- TASK GOAL: Exact transcription of the data below is required, without the images.

- DATA EXCERPT:
↓
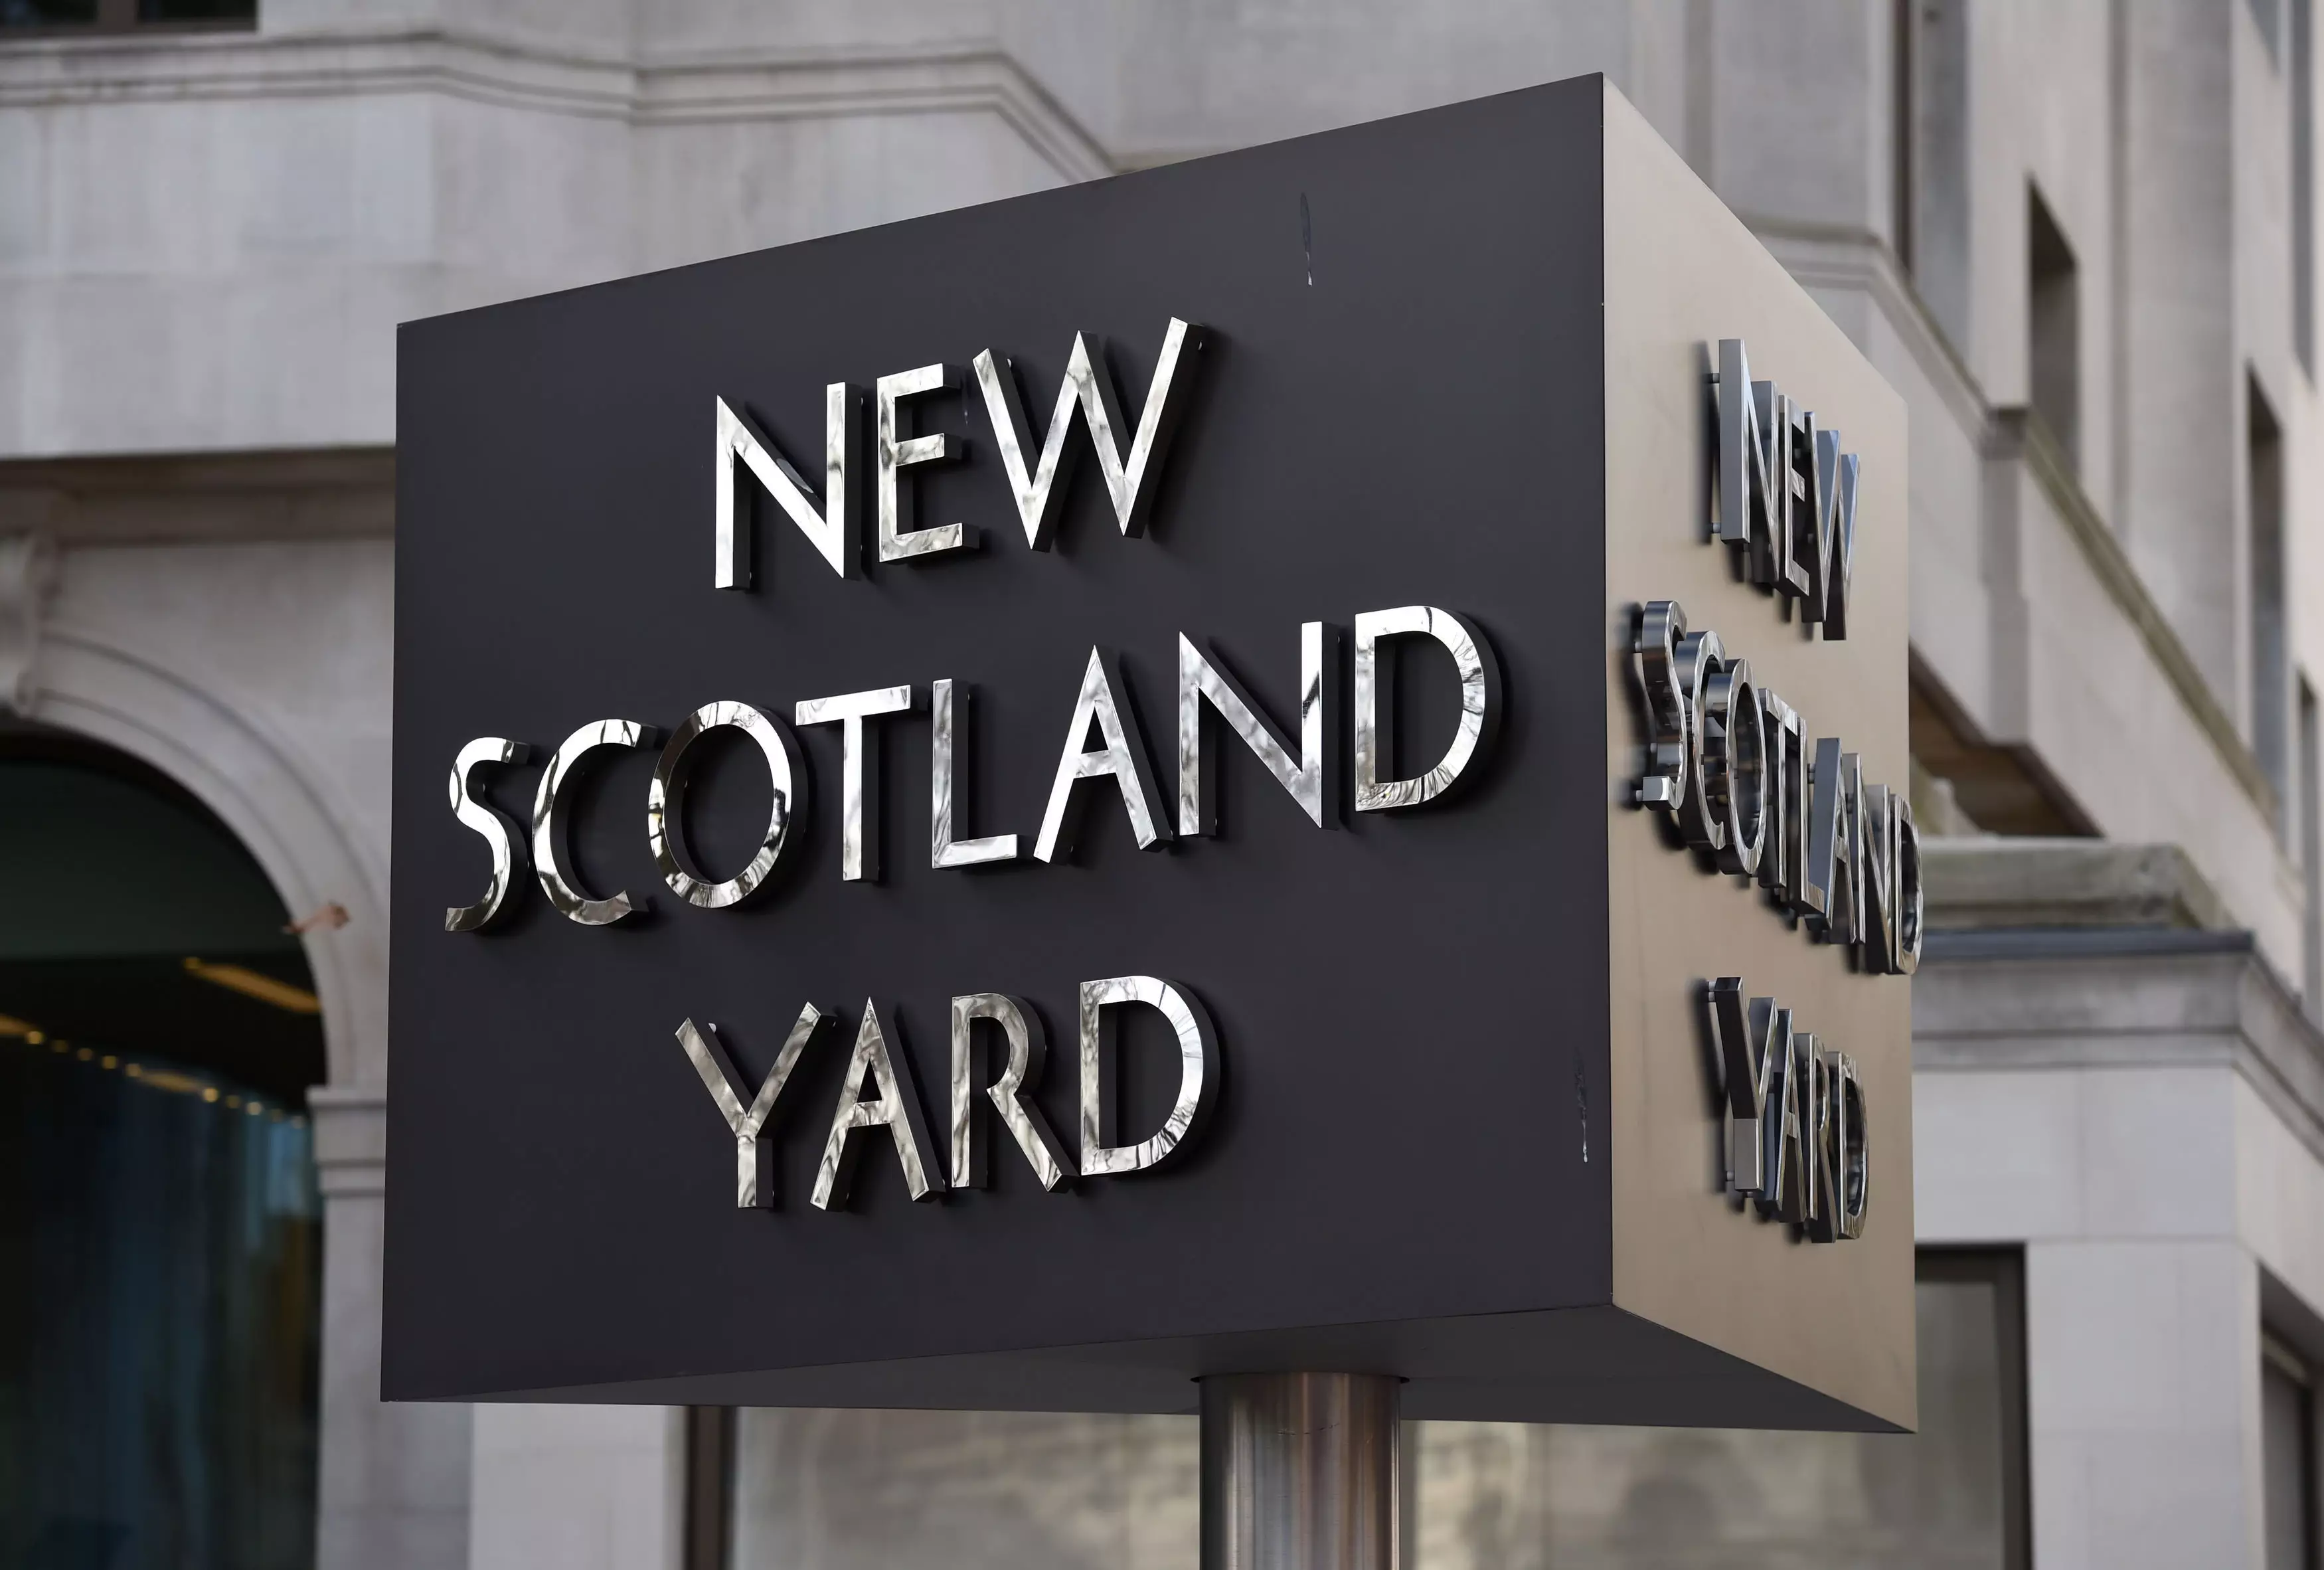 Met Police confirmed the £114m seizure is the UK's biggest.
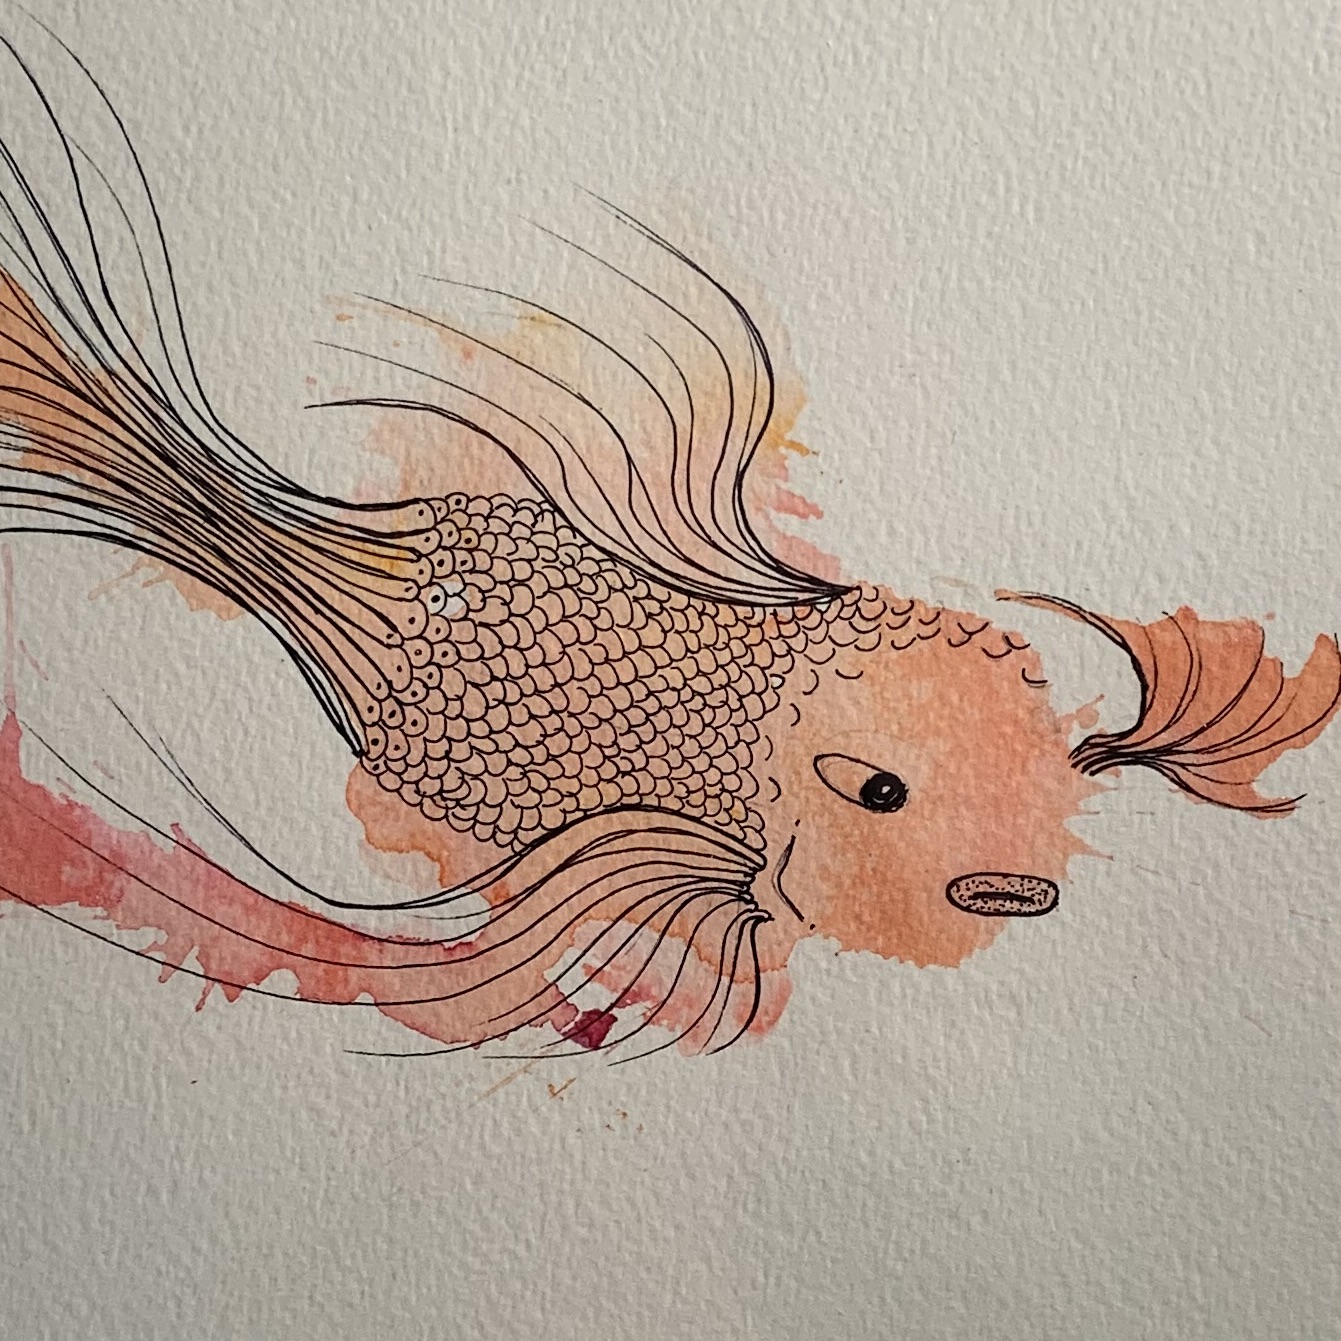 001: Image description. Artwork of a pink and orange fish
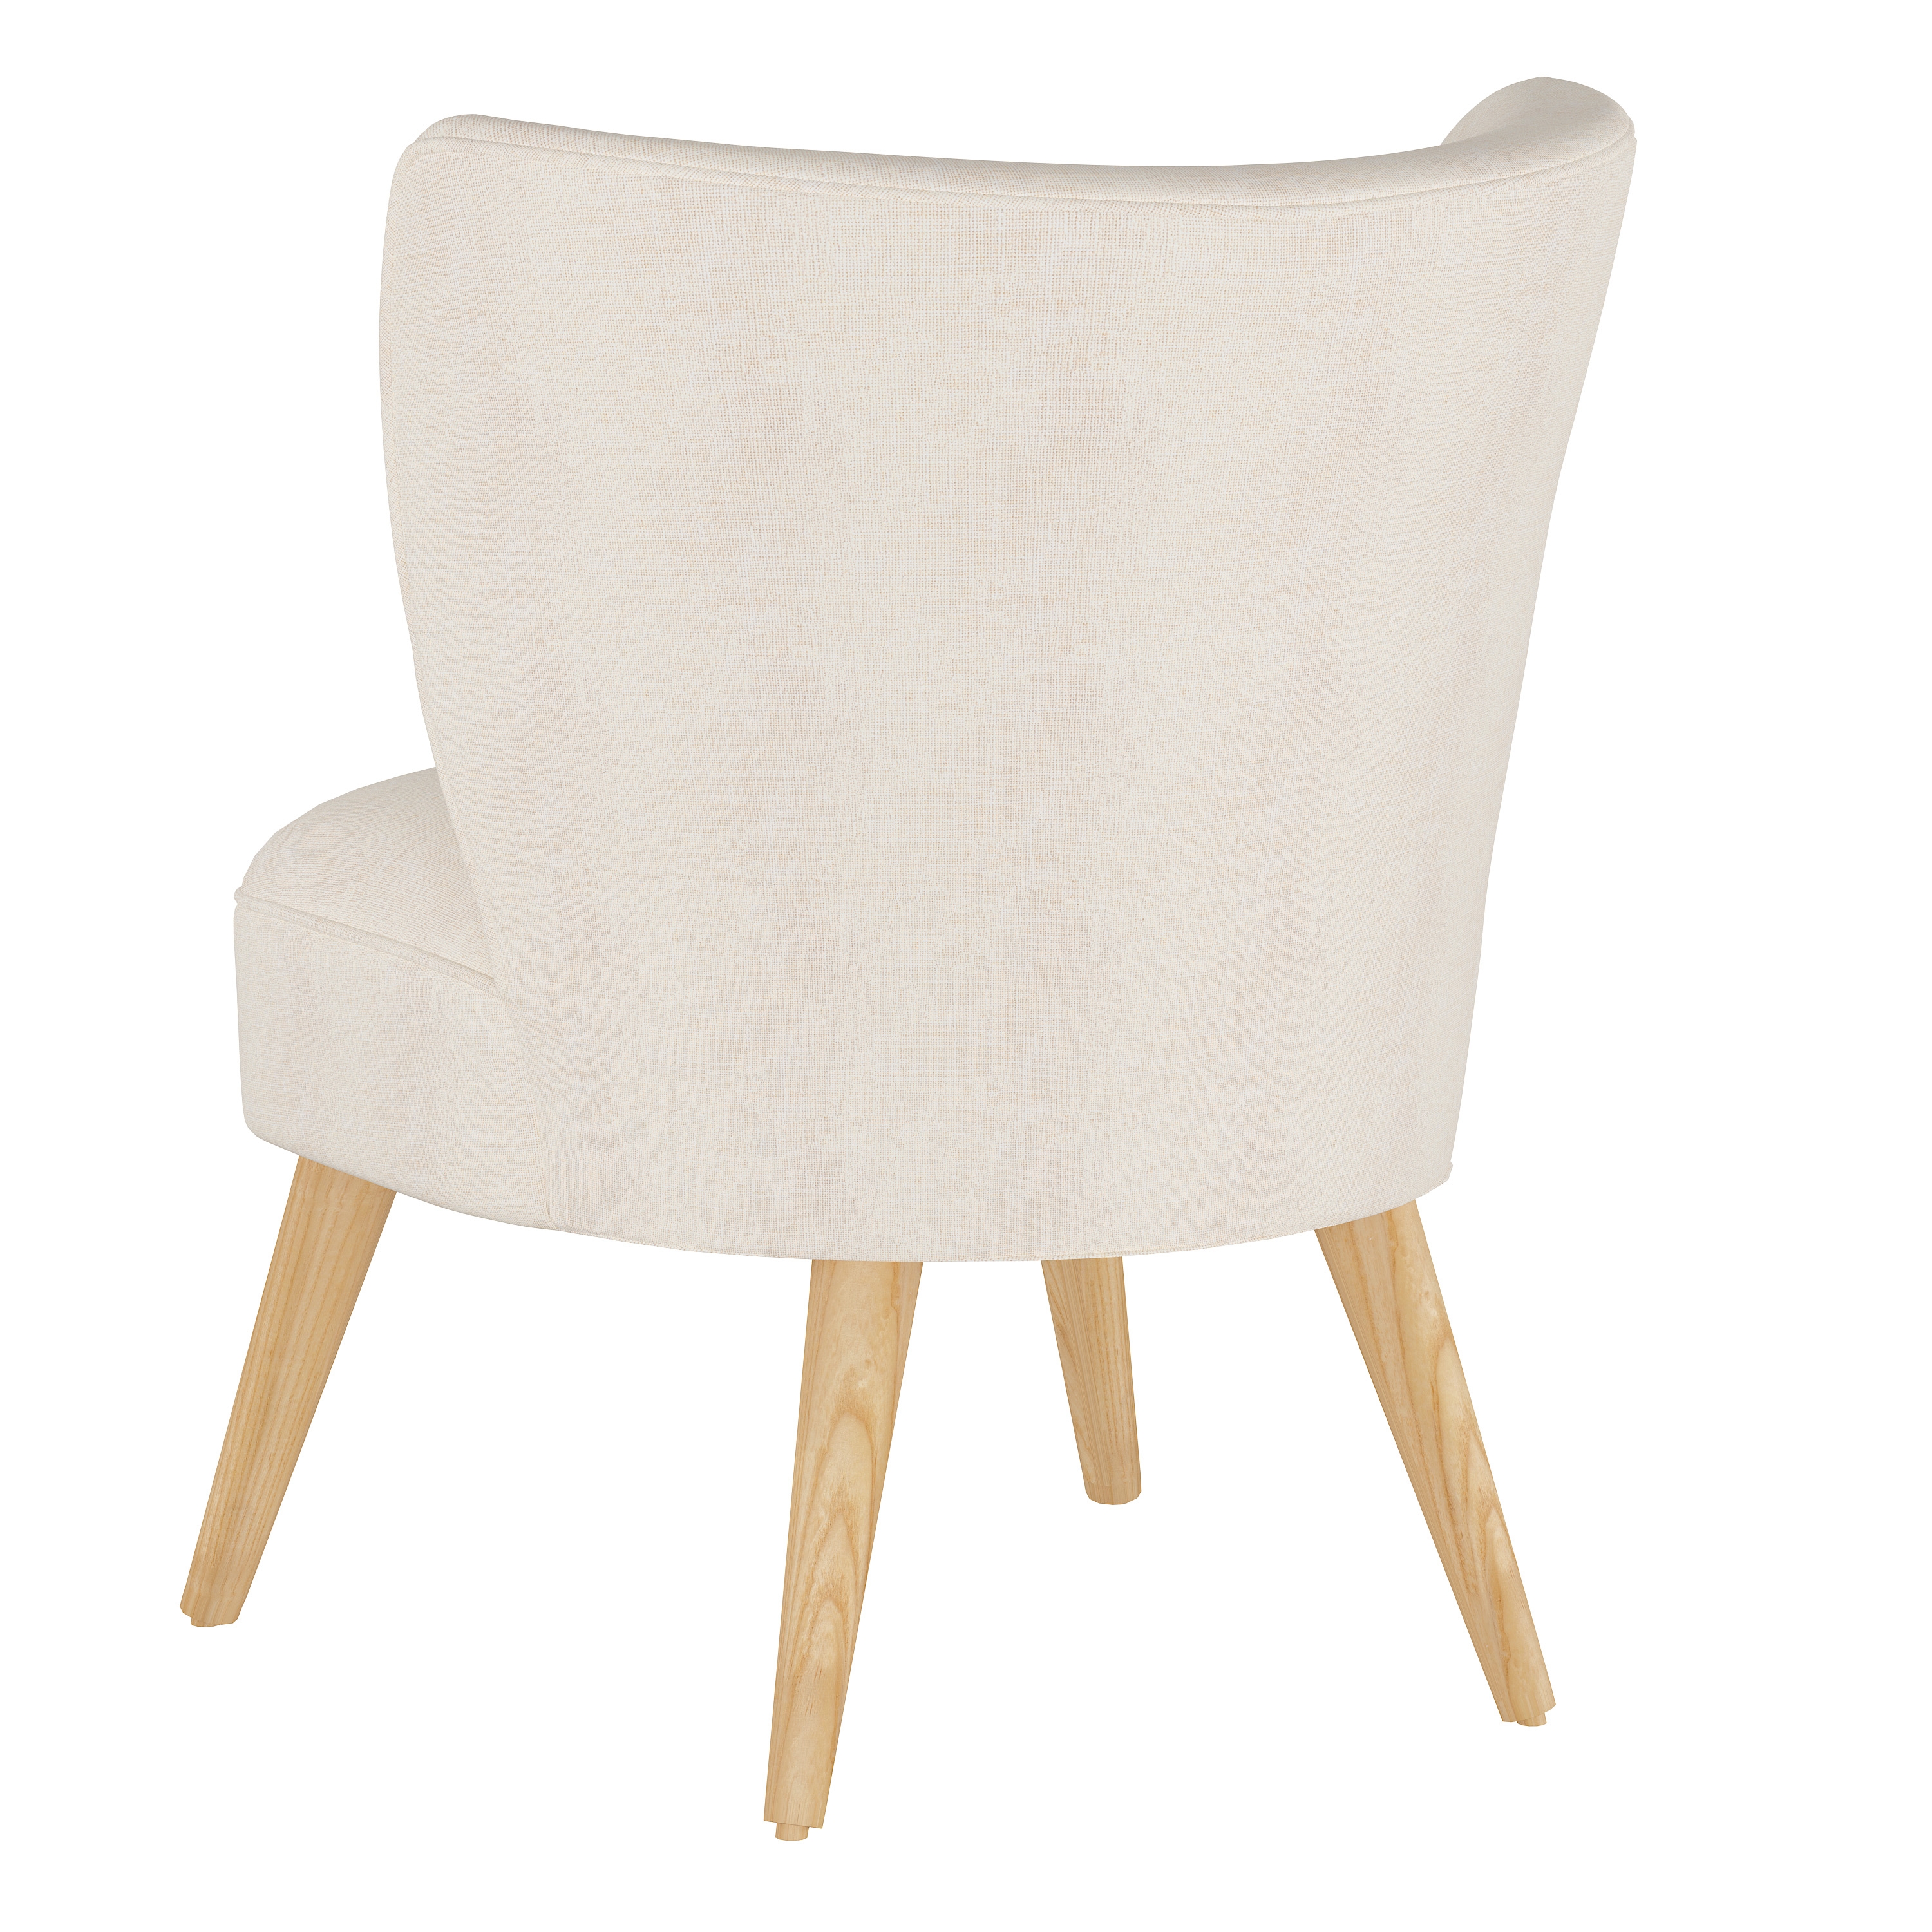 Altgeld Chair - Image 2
↑
- TASK SOLUTION:
 Met Police confirmed the £114m seizure is the UK's biggest.
 001: Image description. Artwork of a pink and orange fish
 Altgeld Chair - Image 2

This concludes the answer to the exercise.